Age of consent has changed drastically over time as the general morals and attitudes of society changed. According to Stephen Robertson in his publication, “Age of Consent Laws“, in Children and Youth in History,
“An age of consent statute first appeared in secular law in 1275 in England as part of the rape law. The statute, Westminster 1, made it a misdemeanor to “ravish” a “maiden within age,” whether with or without her consent. The phrase “within age” was interpreted by jurist Sir Edward Coke as meaning the age of marriage, which at the time was 12 years of age.”
“A 1576 law making it a felony to “unlawfully and carnally know and abuse any woman child under the age of 10 years” was generally interpreted as creating more severe punishments when girls were under 10 years old while retaining the lesser punishment for acts with 10- and 11-year-old girls. Jurist Sir Matthew Hale argued that the age of consent applied to 10- and 11-year-old girls, but most of England’s North American colonies adopted the younger age. A small group of Italian and German states that introduced an age of consent in the 16th century also employed 12 years.”
A common approach now being used by states that do not want to have to make exceptions for Romeo & Juliet cases in their sex offender statutes is to raise their state age of consent.

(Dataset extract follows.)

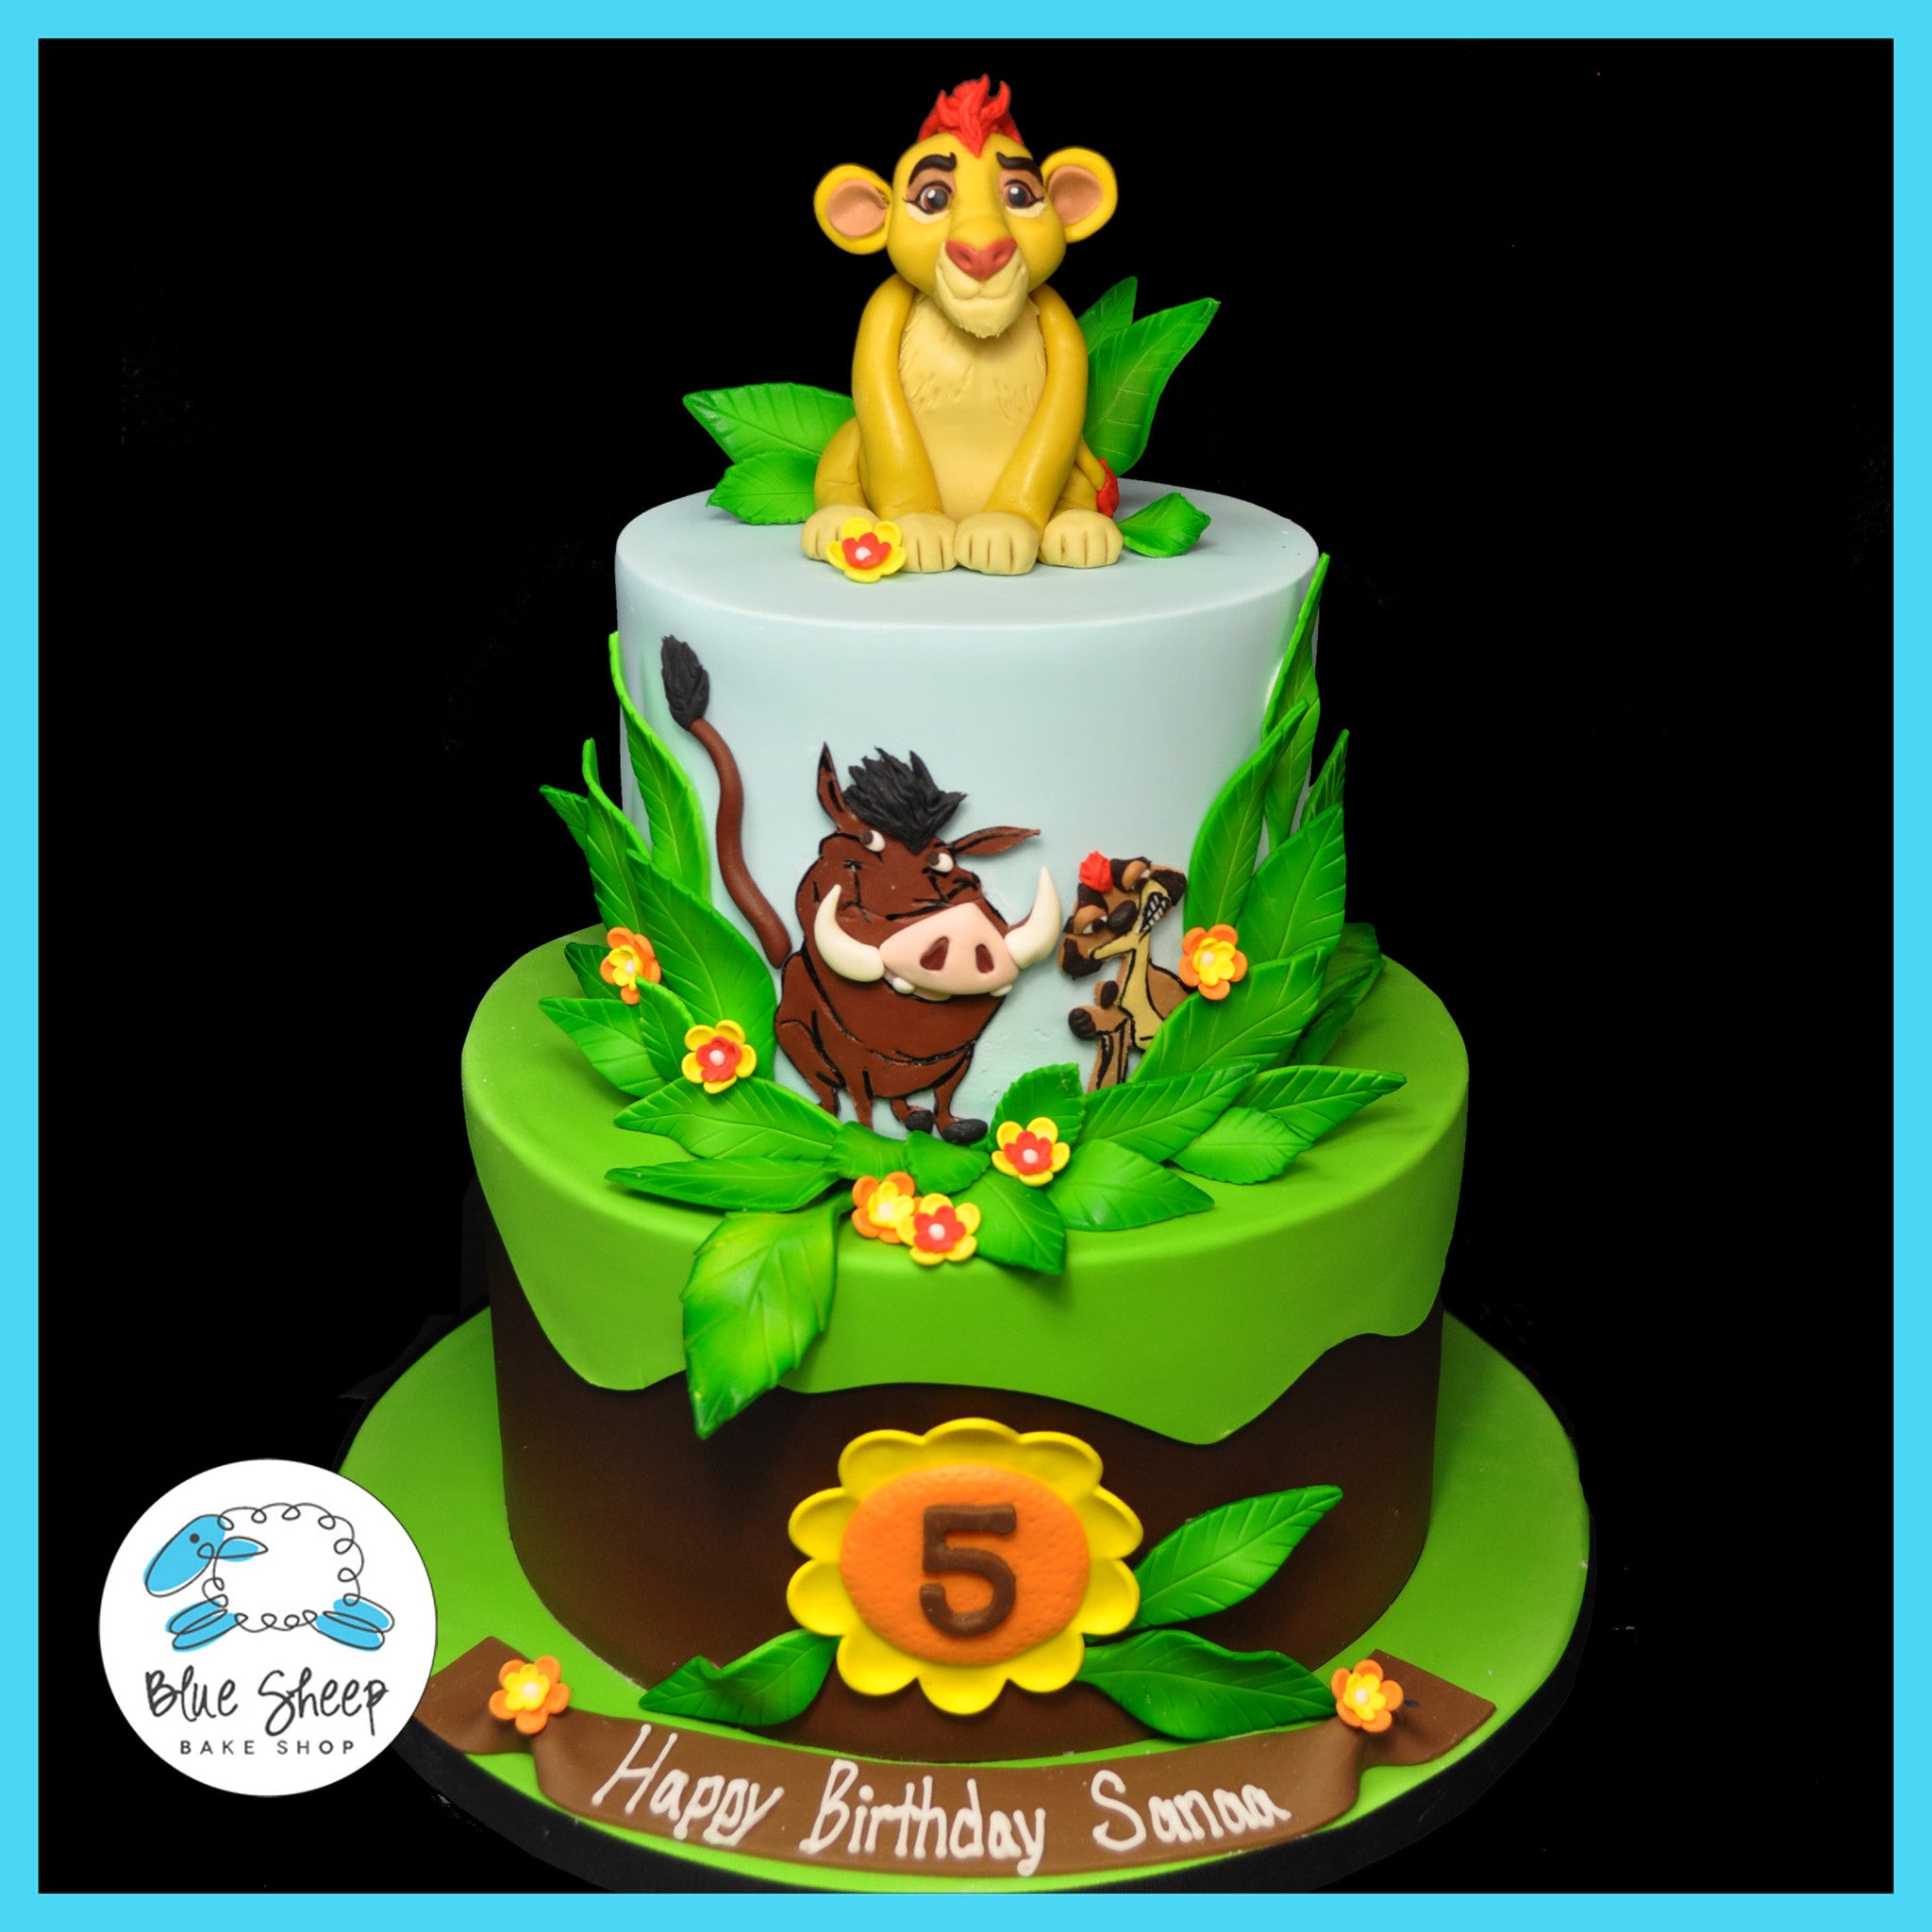 Lion King Birthday Cake – Blue Sheep Bake Shop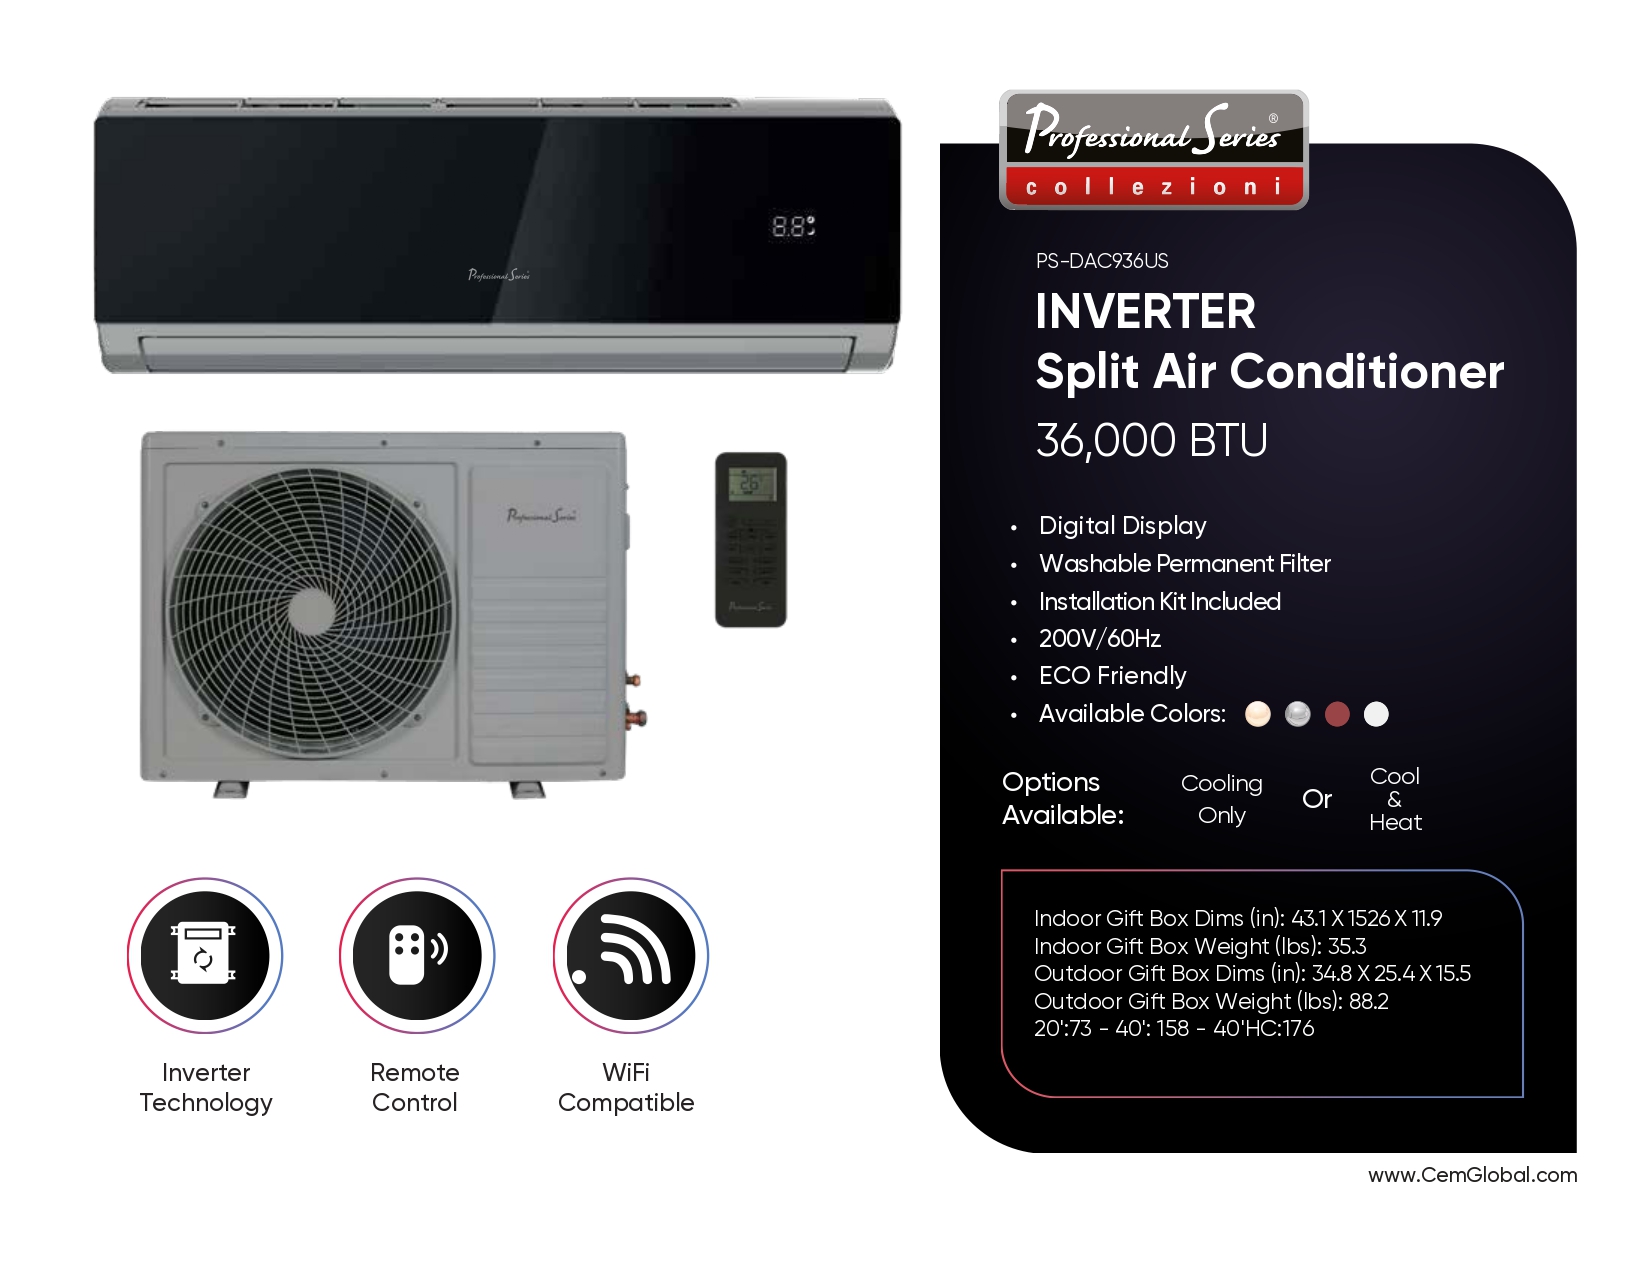 INVERTER Split Air Conditioner 36,000 BTU

The Federal government uses a standard of age 18 as the age of consent when prosecuting sex offender cases. This is primarily used to prosecute individuals for possession and/or distribution of child pornography. Any photo they find on a person’s computer where they believe the person is less than fully clothed and might be under that age of 18 can be prosecuted. These laws have led to federal cases across our nation of kids still in high school being convicted for sending sexually explicit photos of their partners from one cell phone to another. Federal cases also include anyone caught crossing a state line to meet someone they believe is under the age of 18. Even if the state they entered uses a lower age of consent, they can still be arrested and prosecuted by the Federal governments laws.
So my question is, if a state is attempting to raise their age of consent or when our federal government uses age 18 as the age of consent, are they attempting to punish young people for being sexual or having sex prior to turning 18.
Now don’t think that I am in favor of children having sex, I am not. My personal faith leads me to believe that sex is God’s personal marriage gift and should be shared only within the bonds of marriage. Yet, it also seems it would make much more sense to make the age of consent consistent at 16 in all states rather than to have most states raise the age to 18. Do we really want to increase the number of people added to the sex offender registry by putting more young people, most who are children themselves, onto the Sex Offender Registry for life?